Jobless growth means more wealth for the few

by Sami Halabi

 

During the civil war, Beirut’s Commodore Hotel acted as a shelter for the various journalists and dignitaries who would brave the chaos to try and understand why this small but promising Mediterranean nation had fallen prey to the ravages of conflict.

Twenty years since the guns fell (relatively) silent, and with many a former warlord now a politician or member of cabinet, it was fitting last month that the Lebanese Economics Association (LEA) chose the same hotel to launch its own assault on how the powers that be are again squandering opportunity and endangering the country.

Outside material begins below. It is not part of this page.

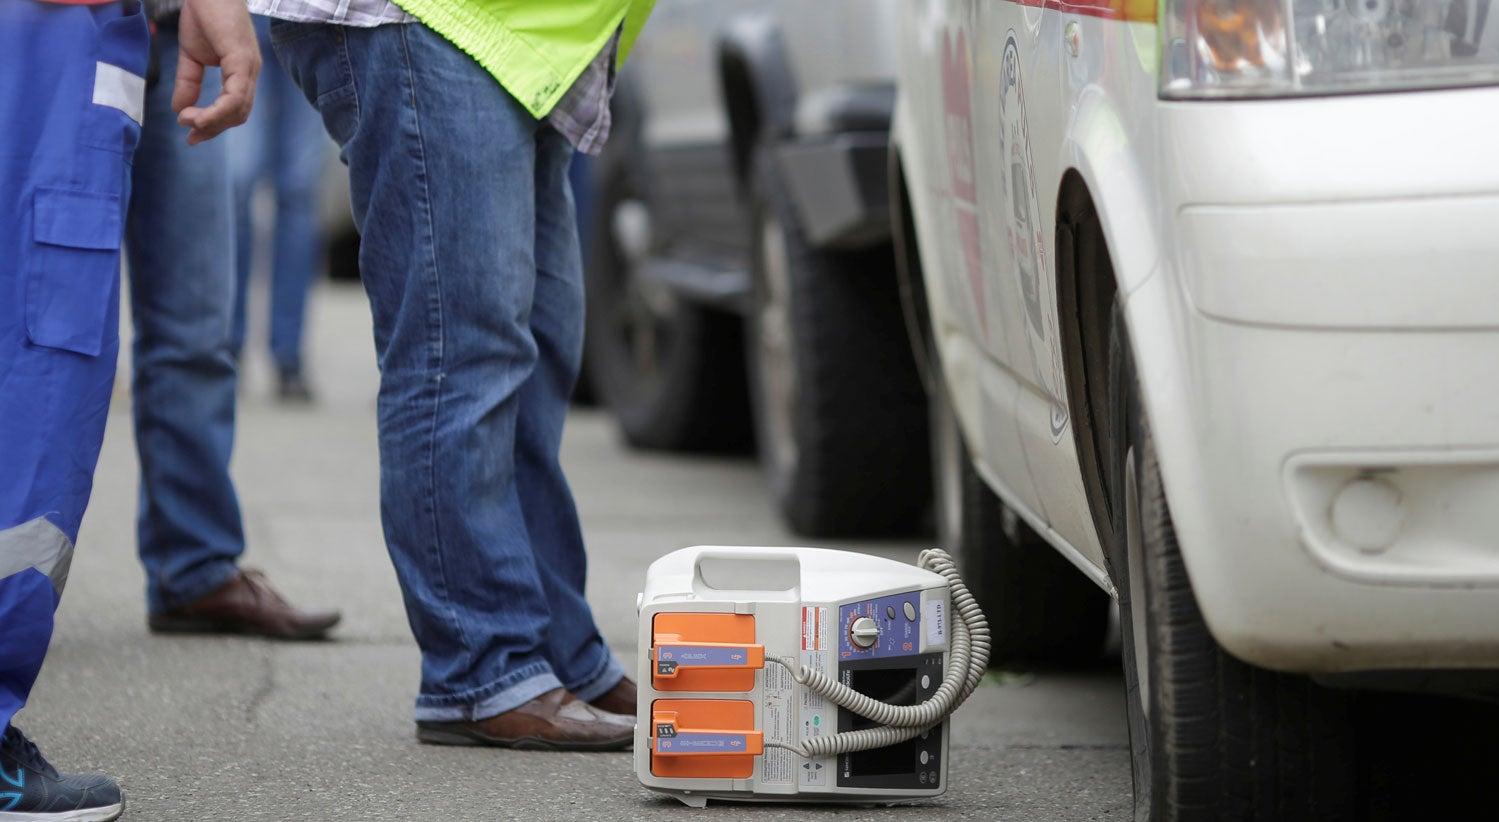 Novos condutores, alunos e forças de segurança devem estar formados para usar desfibrilhadores

“It’s always about how they split the kaaki [traditional Arab bread],” said Elias Saba, two-time former Lebanese minister of finance, at the press conference. “When they [politicians] agree on that, all the bickering ends and it’s over.”

By the end of 2010, that kaaki had yet to be divvied up, and the cabinet had come to a complete standstill over the United Nations’ Special Tribunal for Lebanon. Not to be outdone, Parliament had yet to convene to pass a budget for the year, despite being constitutionally mandated to do so in October.

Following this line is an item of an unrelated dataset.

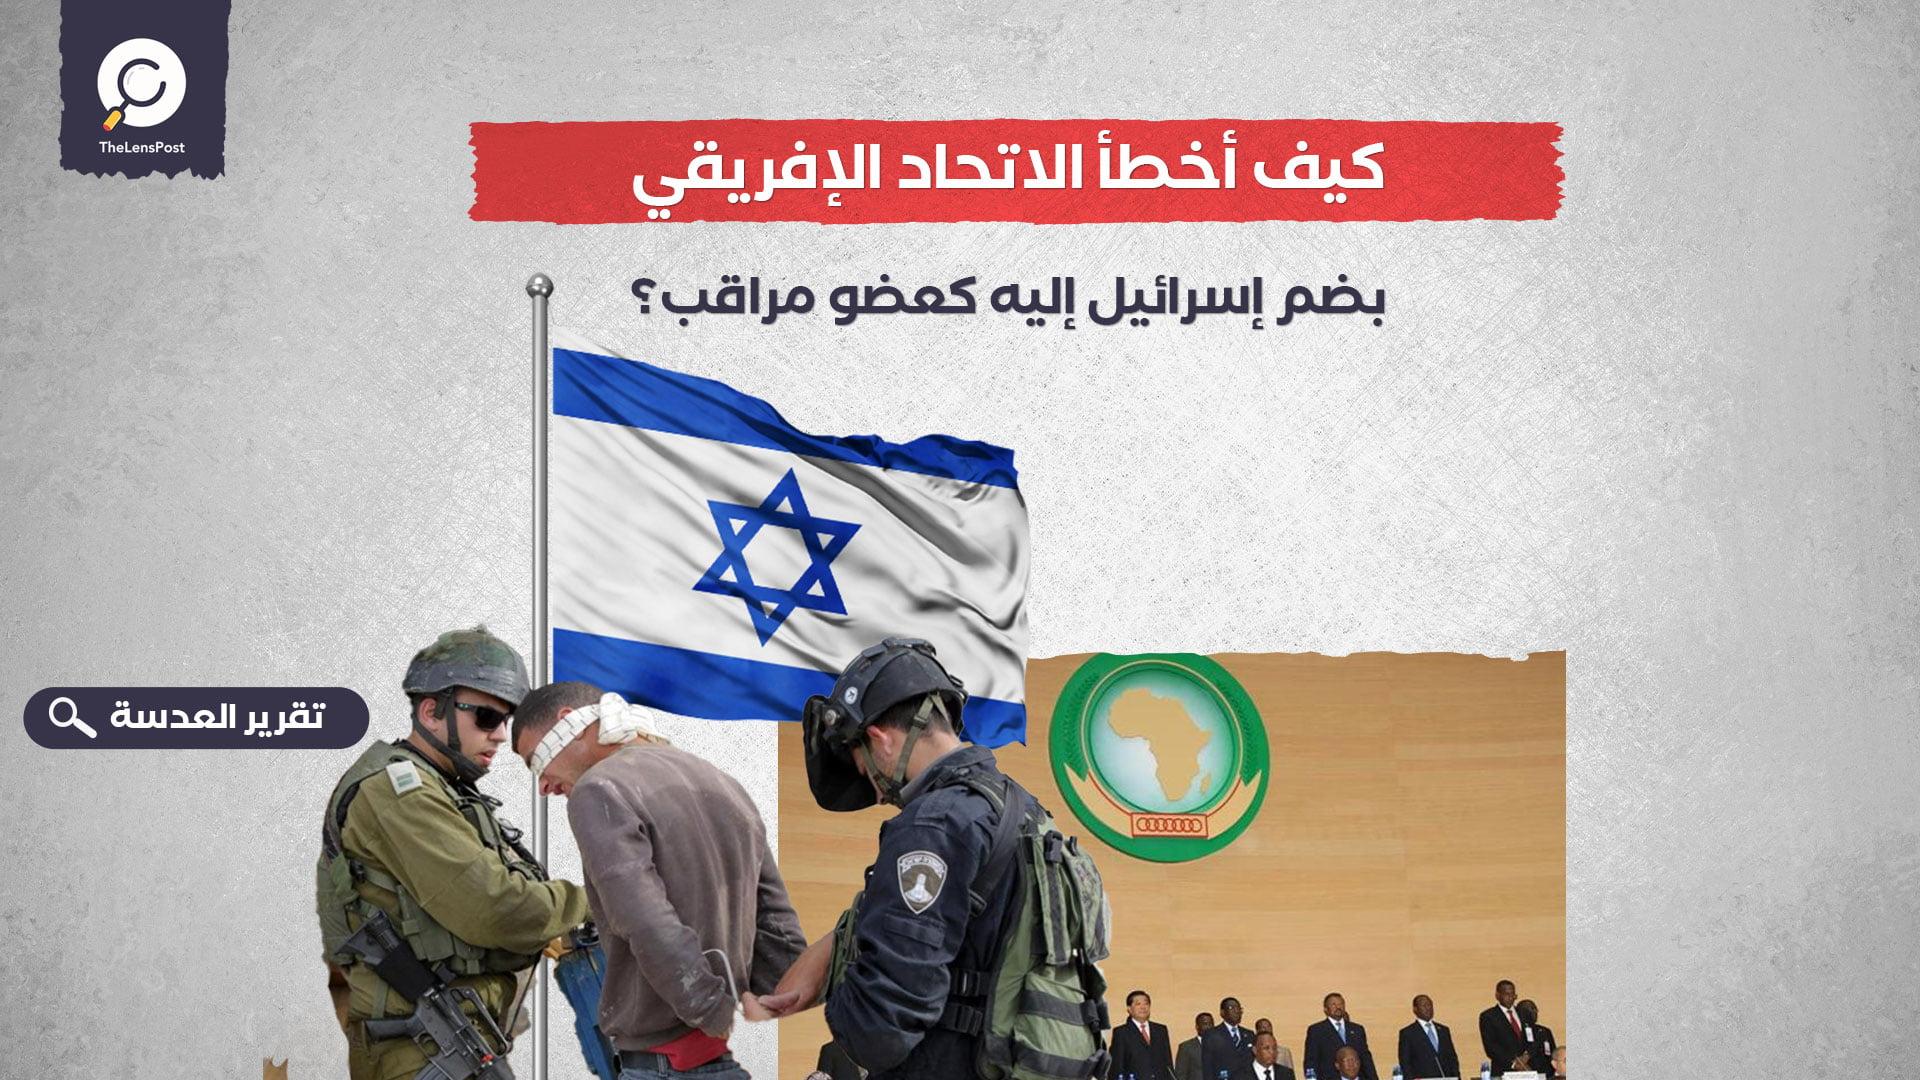 كيف أخطأ الاتحاد الإفريقي بضم إسرائيل إليه كعضو مراقب؟

“When the Council of Ministers [Lebanon’s cabinet] gets postponed it turns out to be an achievement, instead of them fighting,” sighed Nassib Ghobril, head of economic research and analysis at Byblos Bank.

While Lebanon’s policy makers tussled over wider political issues, the economy was witnessing — on the surface at least — what many observers deem to be the end of Lebanon’s economic honeymoon. The current economic recovery cycle began its upward curve in 2006 when real growth hit a low of 0.6 percent. Since then, the economy has bounced back to register 7.5 percent real growth in 2007 and peak at 9.3 percent in 2008, a figure that only became apparent in April, 2010, when the 2008 National Accounts were released to the public.

Coincident indicator (An average of eight weighted economic indicators)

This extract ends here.